قالب وردپرس درنا توس
Home / Technology / Move over AlphaGo: AlphaZero learned to play three different games

Move over AlphaGo: AlphaZero learned to play three different games



  From a random game and only knowing the rules of the game, AlphaZero plays a world championship in the games Go, Chess and Shogi (Japanese Chess).
Enlarge / From random games and only to know the rules of the game, AlphaZero defeated a world championship program in the games Go, Chess and Shogi (Japanese Chess).

DeepMind Technologies, Ltd.

Google's DeepMind group brought you to the championship -playing AI's AlphaGo and AlphaGoZero-back with a new, improved and more general version. Double AlphaZero, this program taught three different board games (chess, Go and Shogi, a Japanese form of chess ) in just three days without human intervention. 19659005] A paper describing the performance was just published in Science . "From a completely random game, AlphaZero begins to learn what good games look like and make their own reviews about the game," said Demis Hassabis, CEO and co-founder of DeepMind. "In that sense, it's free from the limitations in the way people think of the game . "

Chess has long been an ideal test opportunity for gaming machines and the development of AI. The first chess program was written in the Los Alamo National Laboratory in the 1950s, and in the late 1960s, Richard D. Greenblats was Mac Hack IV program the first to play in a human chess tournament – and win against a person in tournament play. Many other computer chess programs followed every bit better than the last, to IBM's Deep Blue computer defeated chess master Garry Kasparov in May 1997. [19659005] As Kasparov points out in an accompanying editor in Science, these days your average smartphone chess is playing the app far more powerful than Deep Blue. So AI researchers showed up in recent years to create programs that can master the game Go, a hugely popular board game in East Asia dating over 2500 years. It's a surprisingly complicated game, much more difficult than chess, despite just involving two players with a simple set of basic rules. This makes it an ideal test opportunity for AI.

  From a random game, only basic rules, AlphaZero won a world championship program in the games Go, Chess and Shogi. "Src =" https: // cdn .arstechnica.net / wp content / uploads / 2018/12 / alpha1-640x396.jpg "width =" 640 "height =" 396 "srcset =" https: //cdn.arstechnica .net / wp-content / uploads / 2018/12 / alpha1.jpg 2x
Enlarge / Starting from random games, only knowing the basic rules, AlphaZero turns a world championship into the games Go, Shack and Shogi.

DeepMind Technologies, Ltd.

AlphaZero is a direct descendant of DeepMind's AlphaGo, who made headlines worldwide in 2016 by defeating Lee Sodol, the ruling (human) world champion of Go. Not happy to rest on the laurels, AlphaGo received a major upgrade last year and was able to learn self-winning strategies without the need for human intervention. By playing herself again and again, AlphaGo Zero (AGZ) trained to play Go from scratch in just three days and defended the original AlphaGo 100 games to 0. The only bet it received was the basic rules for the game. [19659005] The secret ingredient: "Enhancing Learning", which plays for millions of games, allows the program to learn from experience. This works because AGZ is rewarded for the most useful measures (ie design of winning strategies). AI does this by considering the most likely next moves and calculating the probability of winning for each of them. AGZ can do this in 0.4 seconds using only one network. (The original AlphaGo used two separate neural networks: one particular next move, while the other calculated the probabilities.) AGZ only needed to play 4.9 million games to master Go, compared to 30 million games for its predecessor.

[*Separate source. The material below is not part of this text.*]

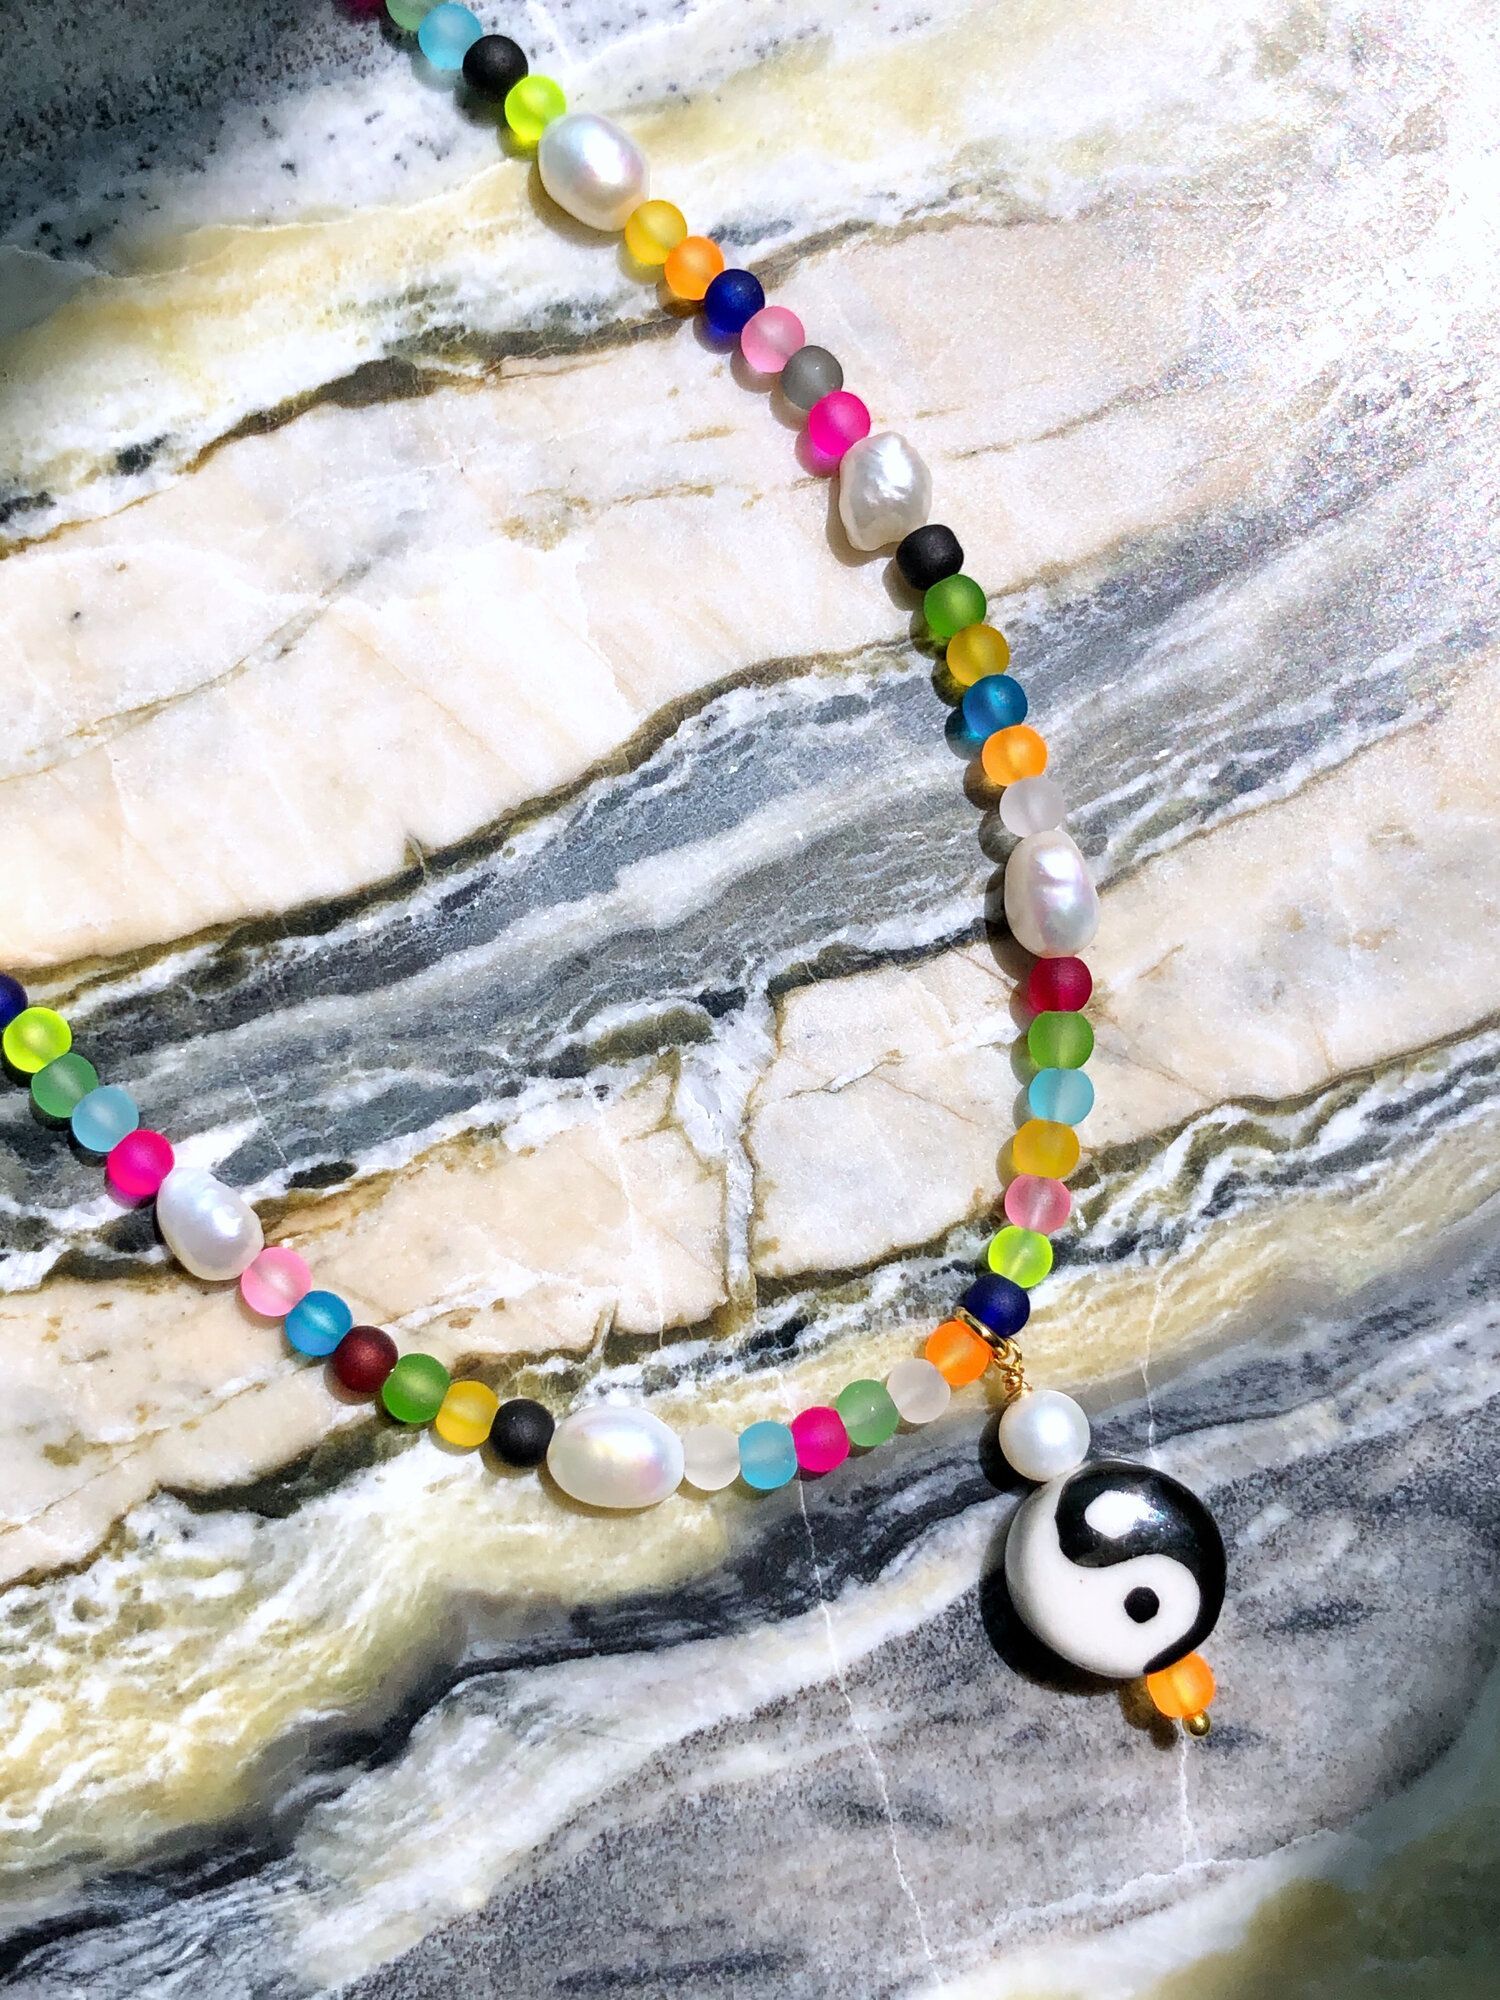 YIN TO MY YANG RAINBOW NECKLACE

"Instead of treating human instructions and knowledge at immense speed, AlphaZero generates its own knowledge."

AGZ was designed specifically for playing Go. AlphaZero generalizes this enhanced learning method to three different games: Go, Chess and Shogi, a Japanese version of chess. According to an accompanying perspective written by Deep Blue team member Murray Campbell, this latest version combines deep reinforcement learning (many layers of neural networks) with a general Monte Carlo three search method.

"AlphaZero learned to play each of the three board games very fast by using a large amount of processing power, 5000 tensor processing units (TPUs), equivalent to a very large supercomputer," Campbell wrote.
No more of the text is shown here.